テンポが落ちていると言えばM6「ダンスホール」も同様。ちょっと個人的な思い出話をさせてもらうと、自分が尾崎豊をちゃんと聴いたのはたぶん『LAST TEENAGE~』で、熱狂的な尾崎ファンの友人の車に乗せてもらう度に必ずと言っていいほど流れていたので、自然と馴染んでしまったような格好だった。そののちに『十七歳の地図』を聴くことになるのだが(それも彼の車の中だったように思うが)、そのスタジオ録音版はテンポが速めな上、どこかさわやかな感じがして、正直言って違和感はあった。よって、今も個人的にはこのライヴ版のほうが好みだ。歌詞の世界観にある気怠さというか、寂しさ、虚しさ、あるいは優しさといったものはこちらのほうが強く感じられるように思う。そんな、言わばじっくりと聴かせるナンバーに続いては、一転、ポップでアップテンポなM7「存在」へと展開(コンサートでは、M6のあとは「TEENAGE BLUE」「米軍キャンプ」「坂の下に見えたあの街に」「SCRAP ALLEY」と続いて、M7ときたようである)。シリアスさも尾崎の魅力だが、こういう弾けるようなビートものもまた尾崎であることを実感させられる。ソウルテイストのR&R。サビで楽曲を引っ張るブラスが実に楽しいし、ハツラツとしたピアノもいい。

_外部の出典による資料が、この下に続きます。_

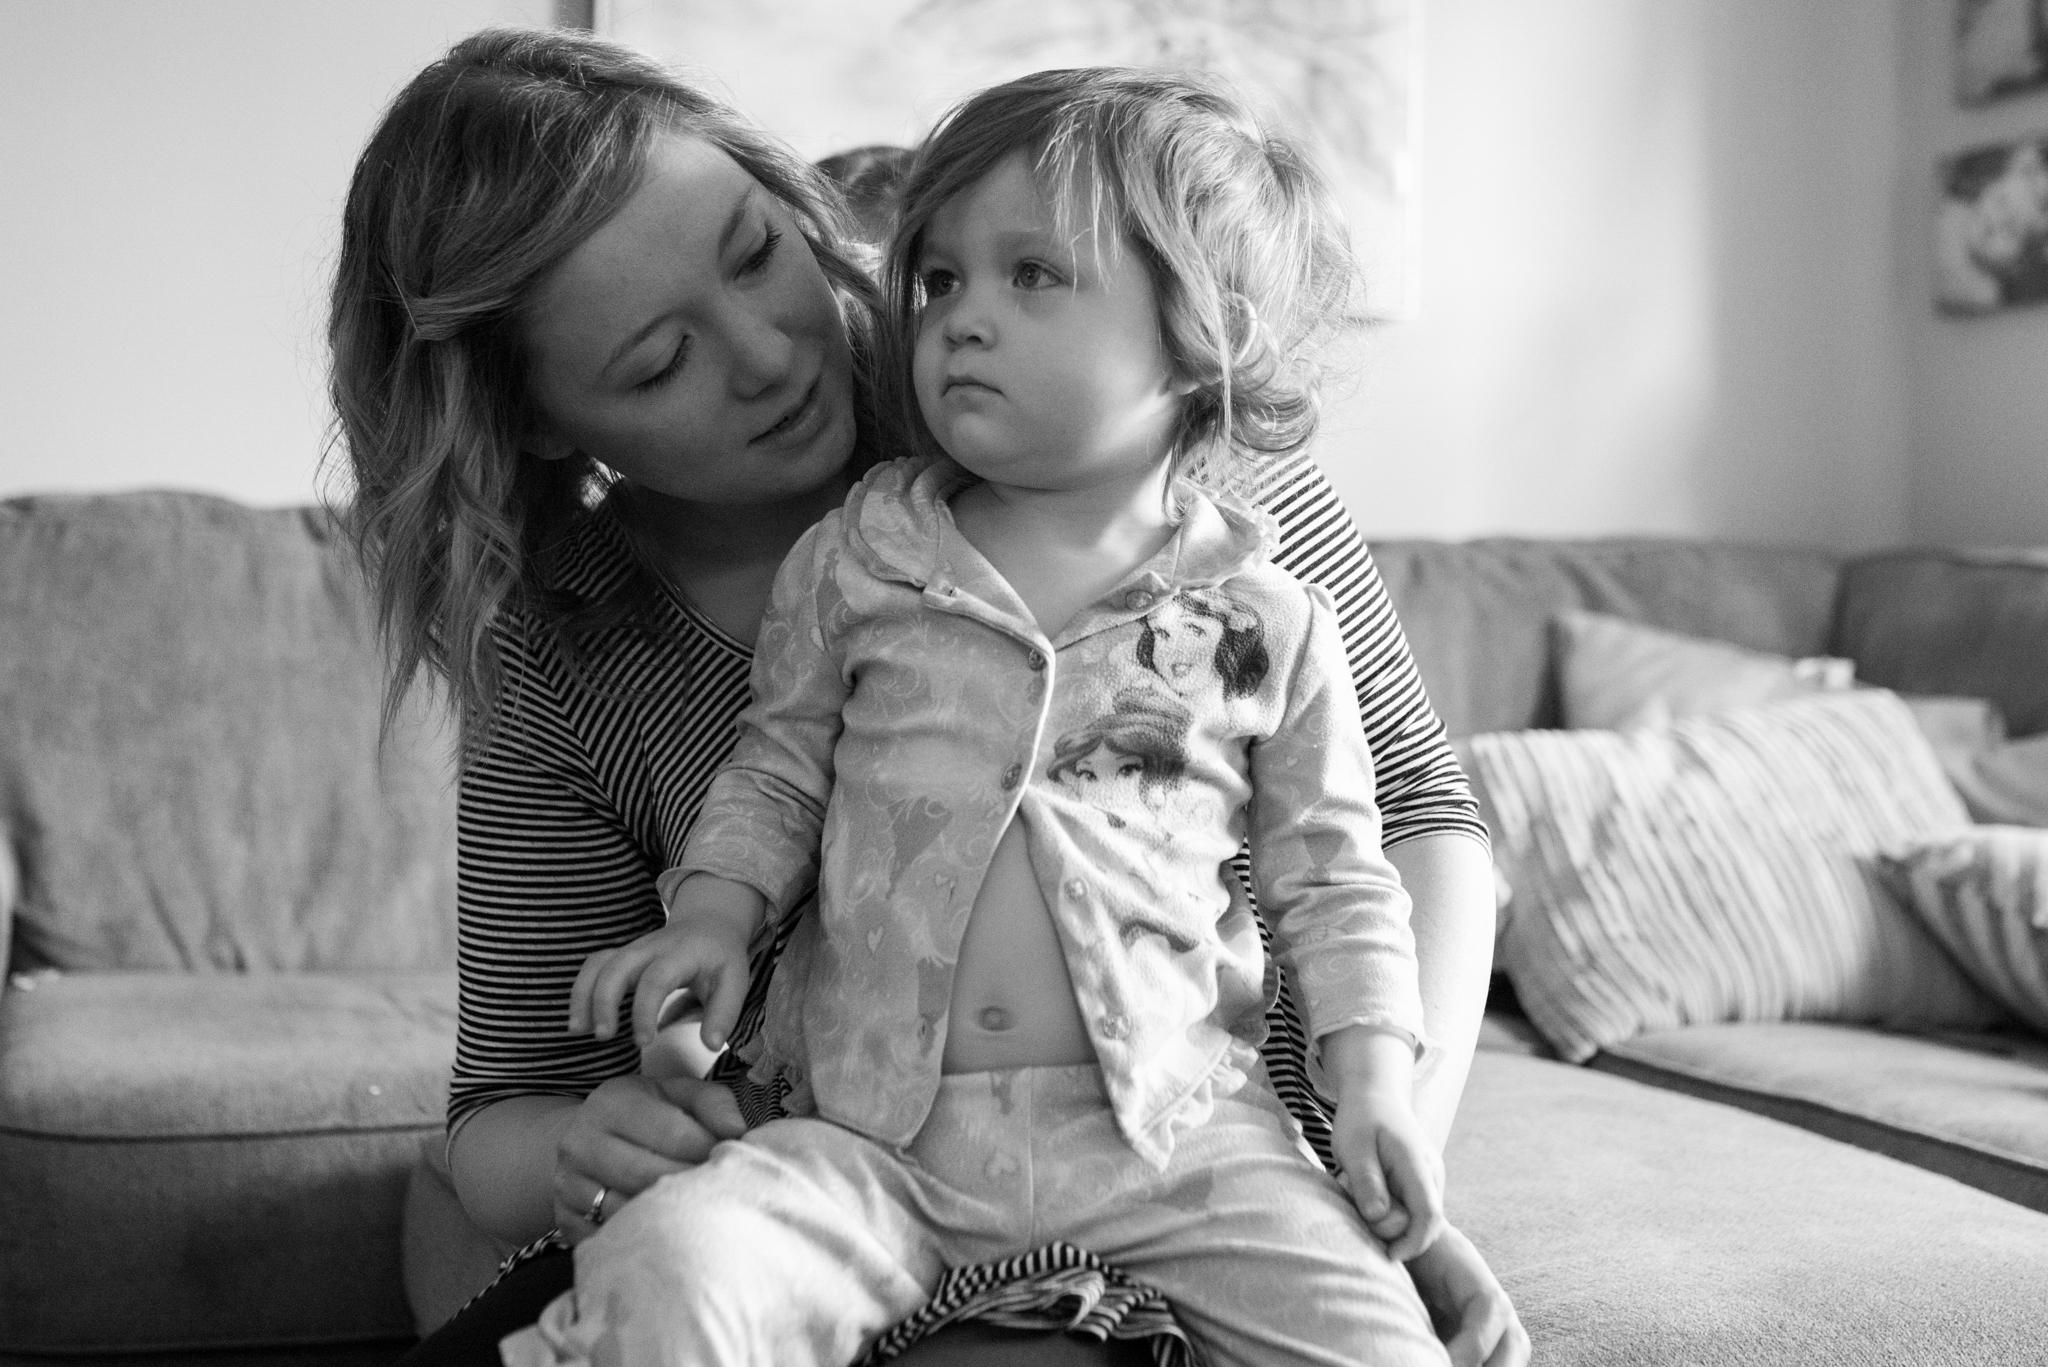 Mom holding daughter on lap, daughter in pajamas

CDで言うところのDISC2は、それほど尾崎豊に詳しくない人でもそれが彼のものだと認識できるであろうナンバーを多数収録。粋の良いロックナンバー、M8「Scrambling Rock'n'Roll」はファン以外には馴染みが薄いかもしれないが、それでも、コール&レスポンスの《自由になりたくないかい/熱くなりたくはないかい》辺りで尾崎らしさを感じとれると思う。ちなみにこの楽曲、初めて本作を聴いた時にも間奏が長い印象だったが、これは尾崎が照明器具を取りつけた足場に昇って観客にアピールしていたからなのだとか。だとすれば納得だし、こういうのもライヴアルバムらしい味わいであろう。

軽快にドラムのビートが鳴らされる中、このアルバムの中で唯一のMCを露払いにして披露されるのがM9「十七歳の地図」。サックスのイントロがスタジオ収録音源以上に元気の良い印象だし、改めて聴くとサビ前が結構ポップであることが分かって、聴いてて自然とアガる。歌がやや粗いのはライヴゆえに当然としてそこは差っ引いても、歌にはライヴならではの感情が込められているような気がするのは筆者の気のせいだろうか。

次のM10「路上のルール」は、これも3rd『壊れた扉から』収録曲で、これもまたおそらくこのツアーの時までの聴いていたオーディエンスは少なかったと思われる。だが、この楽曲もイントロからして実にポップであるからして、場内の盛り上がりには何ら問題もなかったと思わせる。実際のステージではこの間で「愛の消えた街」が演奏されており、本作ではM9の終わりがカットアウトされてM10のイントロ(というか尾崎のカウント)につながっているが、M10のアウトロでの観客の歓声はこの楽曲を受け入れた証だろう。